St. Paul tells us in 1 Corinthians 6 that when we join our bodies with a prostitute we become “one body with her.”  That means that sexual activity unites body and soul.  So, the question is begged, “Why give our soul to someone who isn’t even committed to us forever?”  Instead, why don’t we have the freedom that the commitment of marriage in Christ gives us to enjoy sexual activity as the uniting of our bodies and our souls.  
Marriage says that in the act of man and woman uniting physically that there is no one else to whom I am giving myself.  You are the only one.  There is no one else.  There is no possibility of anyone else.  I want all of you.  I want your spirit.  I want your mind.  I want your body.  All to the glory of God who makes this understanding of marriage possible.
 
 A marriage that is based upon the fullness of Christ is a marriage that will be enjoyable and up-building even when physical contact is no longer a possibility.  You still have the intellectual and spiritual depths which you have been investigating.  At that time you can turn to your spouse and to God and say, “We have been together forever.  And there have been hard times, but I always knew I had God, and I knew I had you.”

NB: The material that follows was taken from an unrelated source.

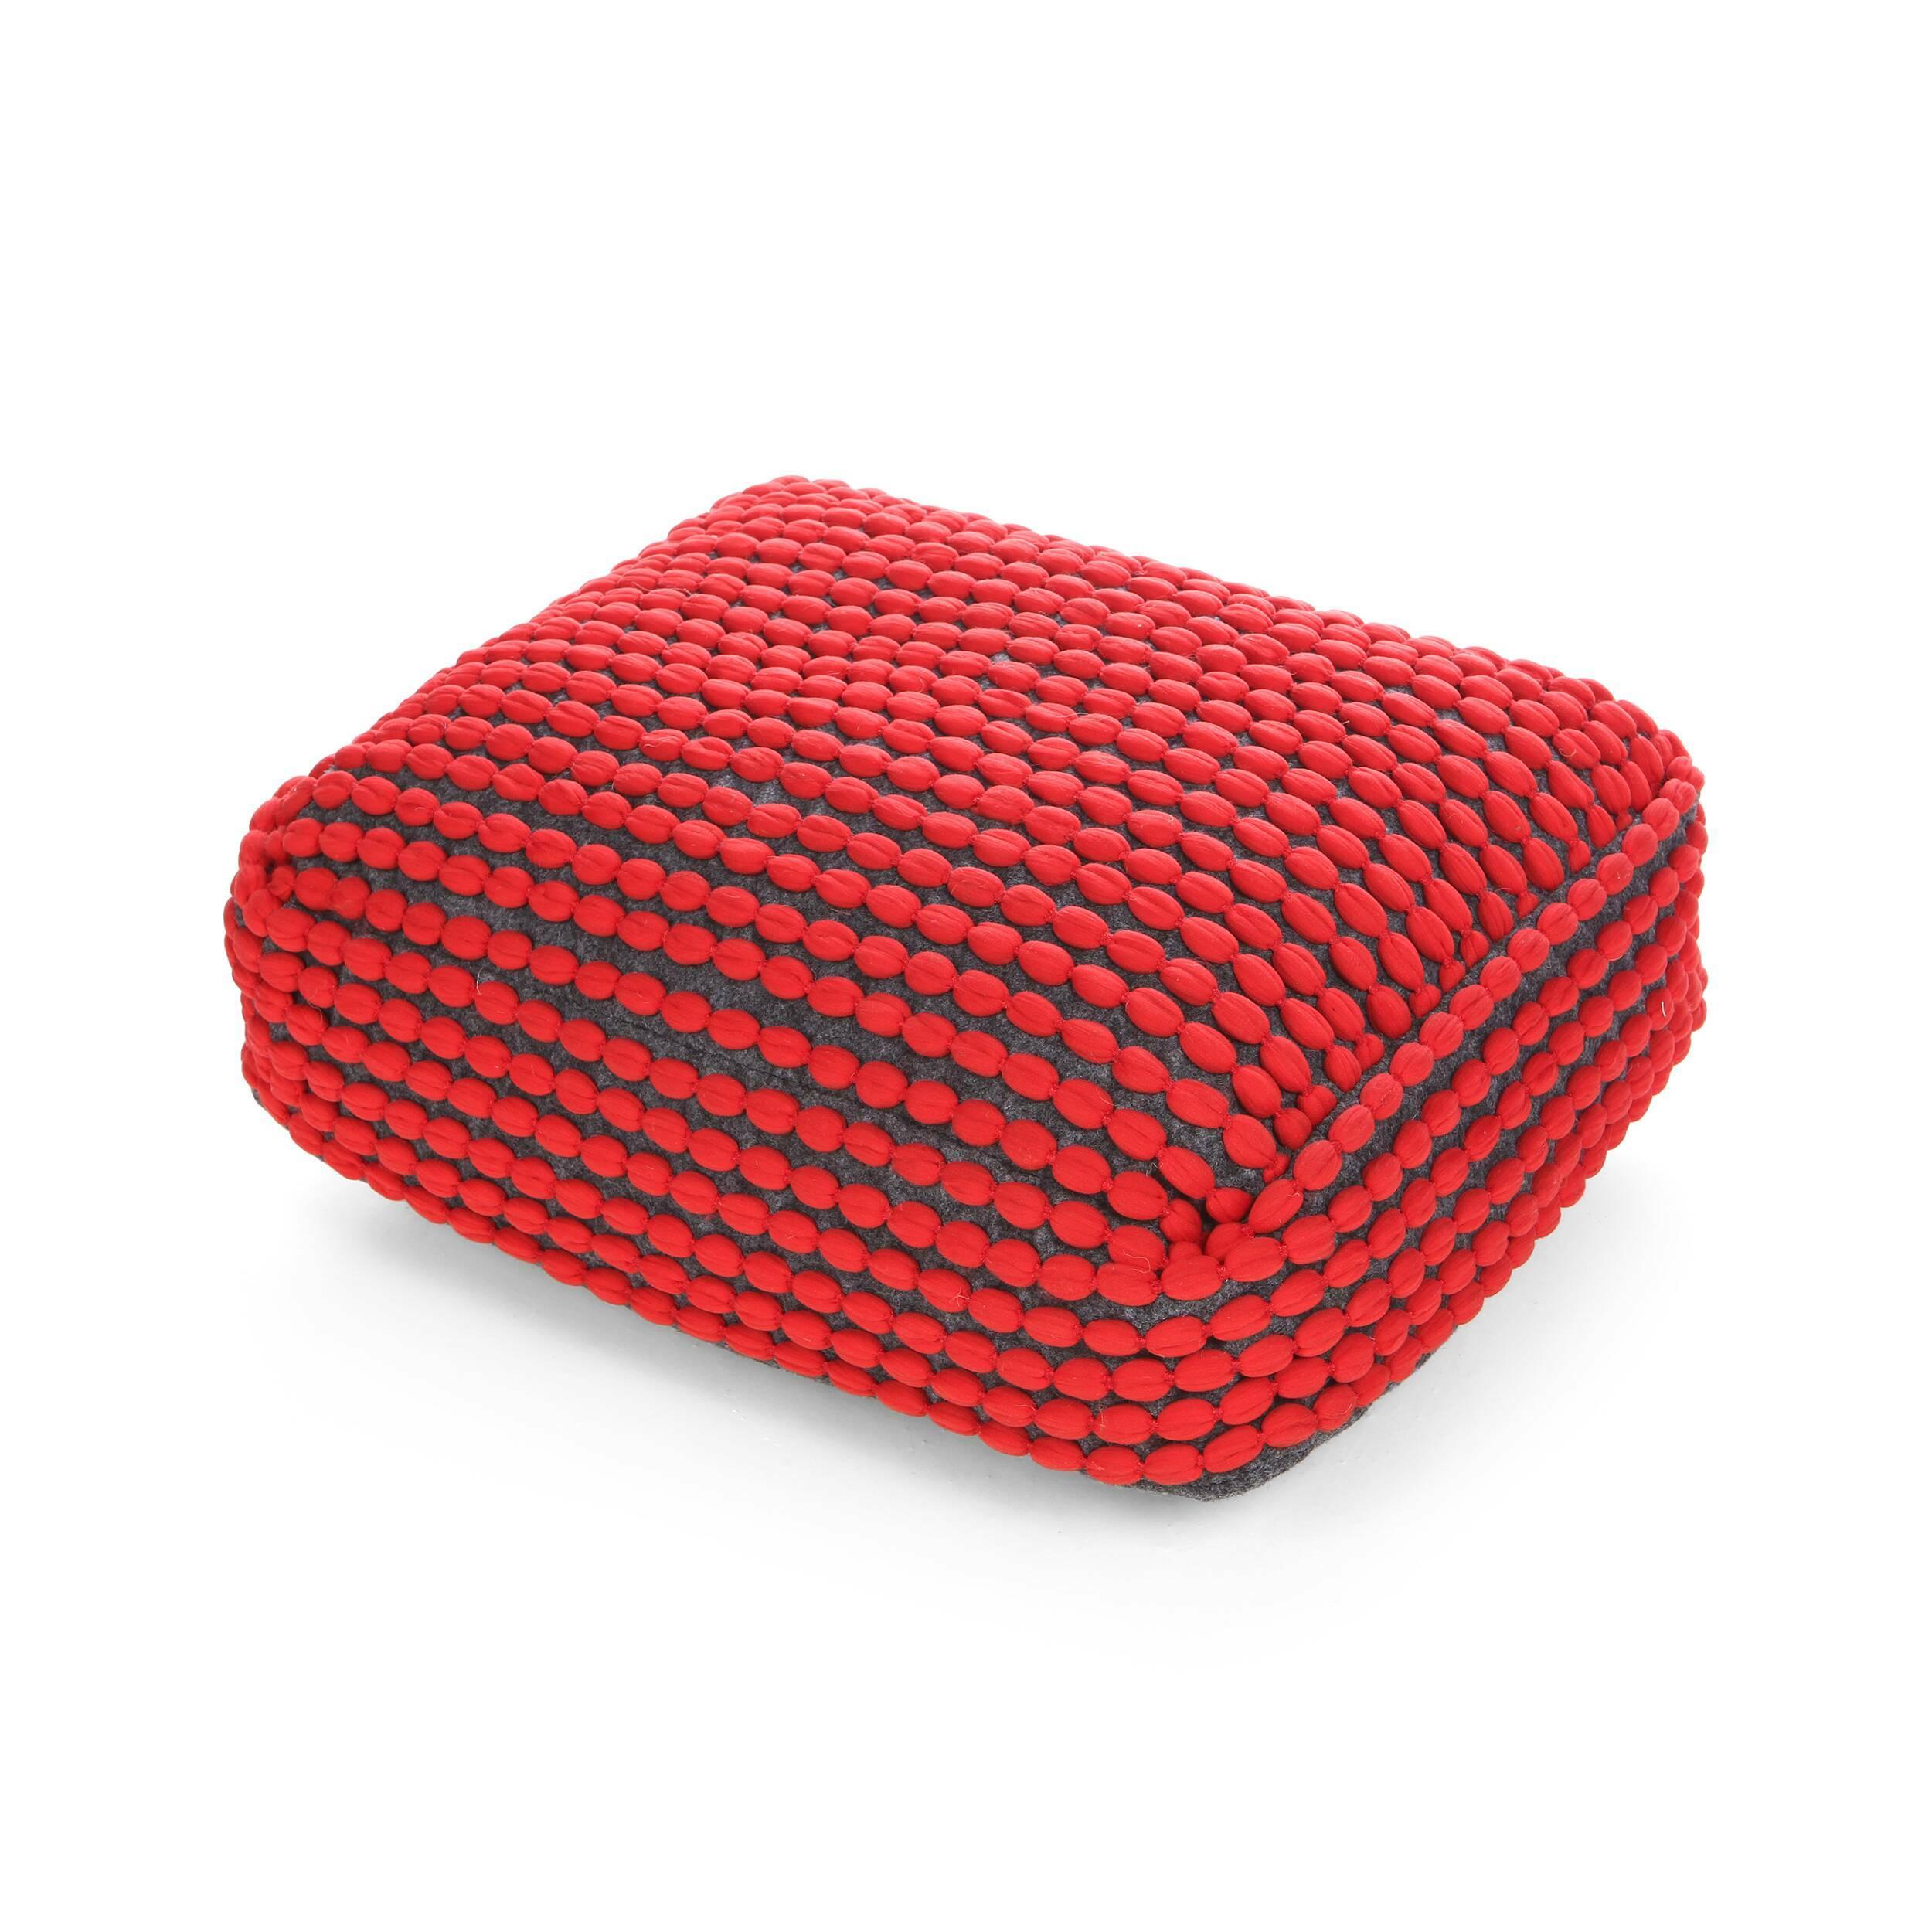 Подушка RococoДекоративные подушки<br>Дизайнерская комфортная подушка Rococo (Роккоко) из полиэстера от Cosmo (Космо).<br>Оригинальная подушка Rococo отлично подходит для декорирования гостиных в скандинавском стиле. Она вручную создана из экологичных натуральных материалов, приятных на ощупь. Для своих покупателей компания Cosmo предлагает широкий спектр цветовых вариантов, которые помогут разнообразить любой современный интерьер. Сочные цвета в сочетании с мягкостью изделия угодят любому! <br><br>Данную модель можно использовать в ка...<br><br>stock: 14<br>Высота: 15<br>Ширина: 45<br>Материал: Полиэстер<br>Цвет: Красный<br>Длина: 60<br>Состав основы: Полиэстер<br>Тип производства: Ручное производство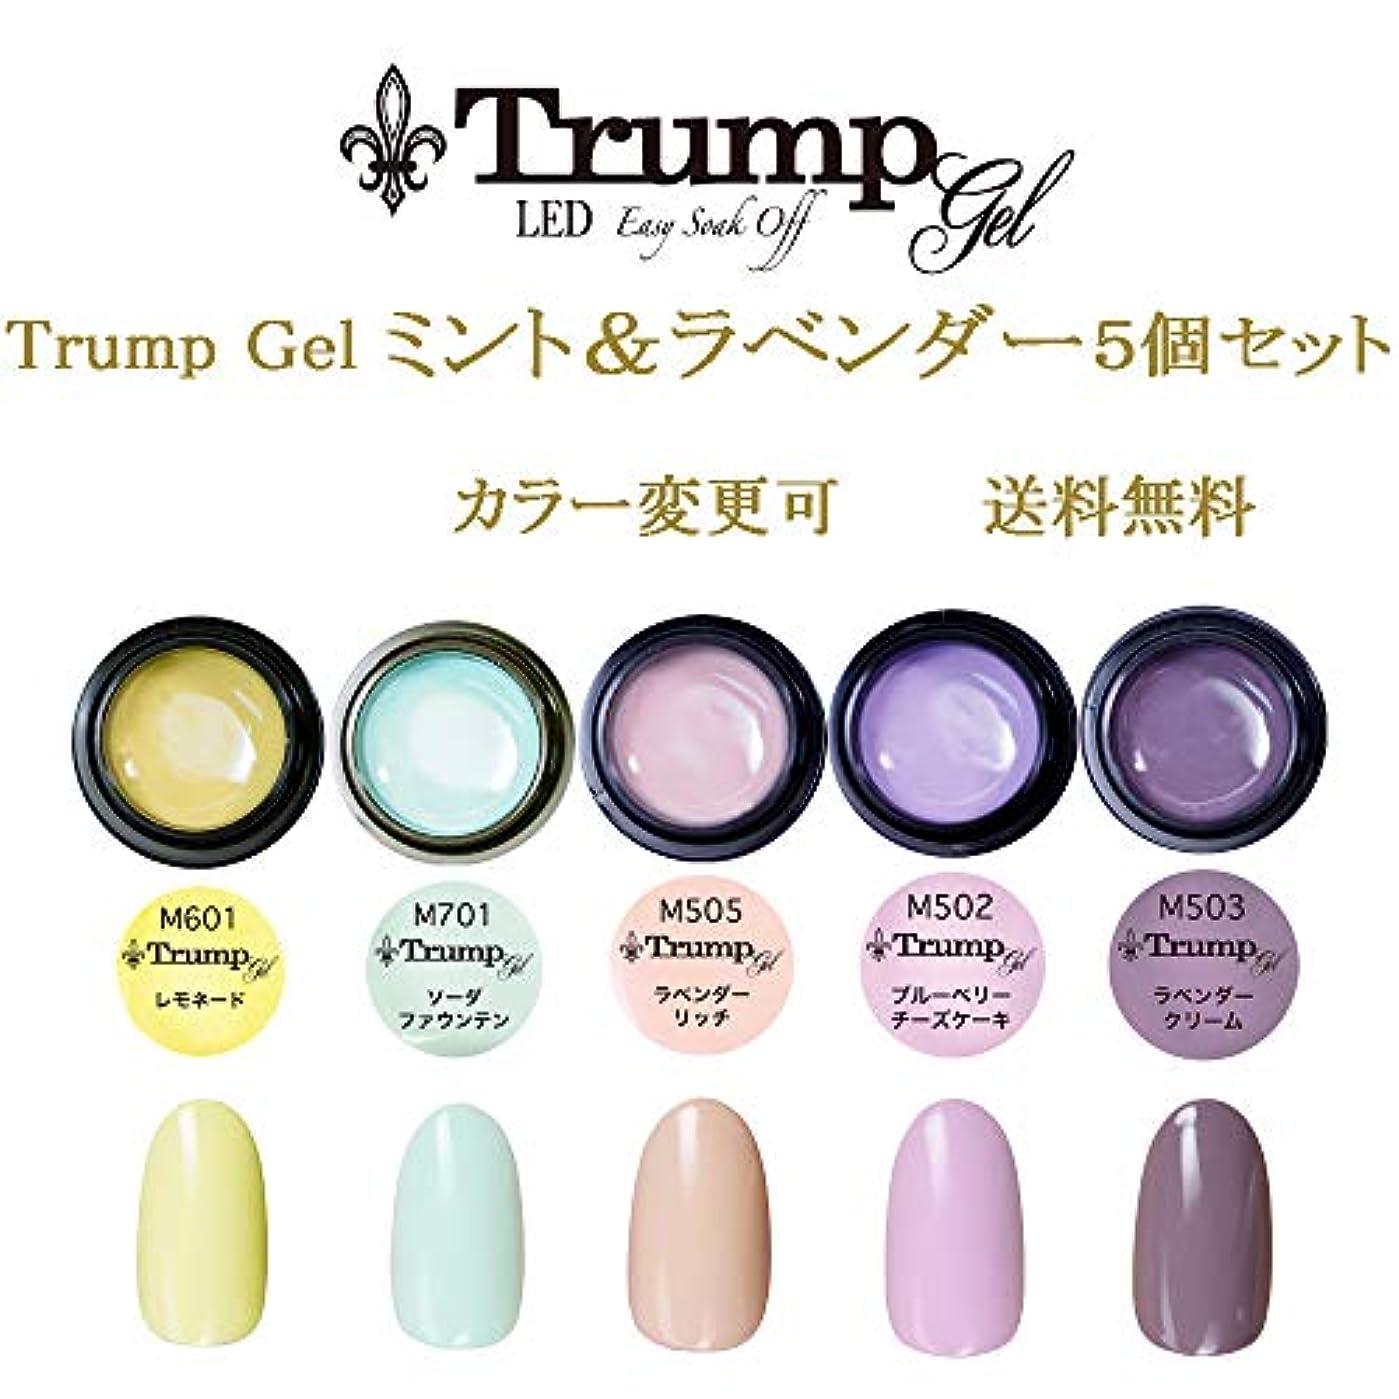 致死患者想定する【送料無料】日本製 Trump gel トランプジェル ミント&ラベンダー 選べる カラージェル 5個セット ラベンダー ベージュ ミントカラー

So, I want you to understand that Jesus Christ came to transform us into something beyond our ‘natural’ urges.  I want you to enjoy the fullness that Christ brings to marriage and the fullness he demands from those who become one in marriage.  I want all of us to enjoy each other in the foundational commitment to Christ.  I want us to long for marriage, prize marriage, desire marriage and value marriage.  Amen?  Amen.